Review: Digital Forensics Innovation: Searching a Terabyte of Data in 10 Minutes

DC ACM’s first presentation of the year, “Digital Forensics Innovation: Searching a Terabyte of Data in 10 Minutes”, was held at Google DC in Washington on January 7.  The presentation, given by Dr. Simson Garfinkel, Associate Professor at the Naval Postgraduate School in Monterey, California and ACM Fellow, focused on the analysis of digital data extracted from computers and electronic devices for legal reporting and testimony.

According to Garfinkel, the majority of the work in the digital forensics field has been in the first part of the data extraction process, which includes preparing policies, training, and tools, collecting and preserving data, and extracting saved data.  Garfinkel’s work focuses on improving the step that follows: the analysis of the extracted data.  As such, his presentation focused on the methods he uses to search extracted data and the challenges he faces when trying to do so.

Garfinkel explained that three principles form the basis of his research:  the importance of automation, the necessity of concentrating on invisible data (deleted and partially overwritten files, fragments of memory, and tool marks), and the importance of working with large amounts of data because a larger amount of data is more challenging to accurately analyze.

He continued by discussing the challenges facing those within the digital forensics field.  The diversity of the systems that must be analyzed and the continuous growth in the diversity of these systems over time makes it increasingly harder to create and maintain digital forensics software.  At the same time that the systems are becoming more diverse, they’re also storing more data, which means more data needs to be analyzed in the same short period of time.

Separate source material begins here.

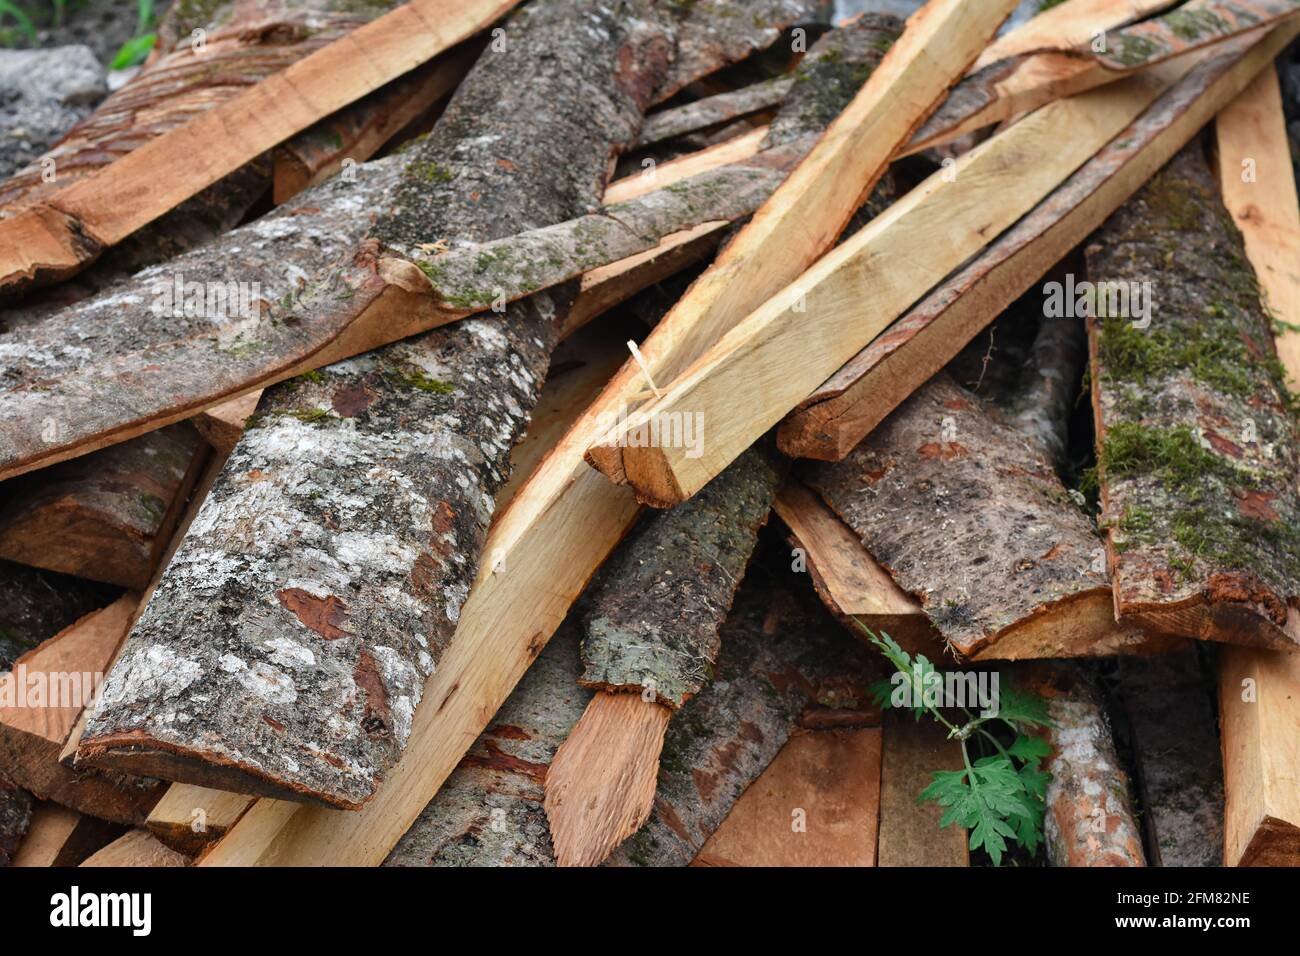 Tronchi d'albero con motivo rosso brunastro in fibra di legno chiaramente visibile Foto Stock

Additionally, the deficiencies in human capital, including the abundance of under-qualified digital forensics developers, must be overcome.  The last challenge Garfinkel specified, unrealistic expectations, is the result of the ubiquity of crime shows in which digital forensics work is quickly performed and always successful.  The last segment of the presentation was focused on random sampling and sector hashing, the methods Garfinkel uses to analyze data.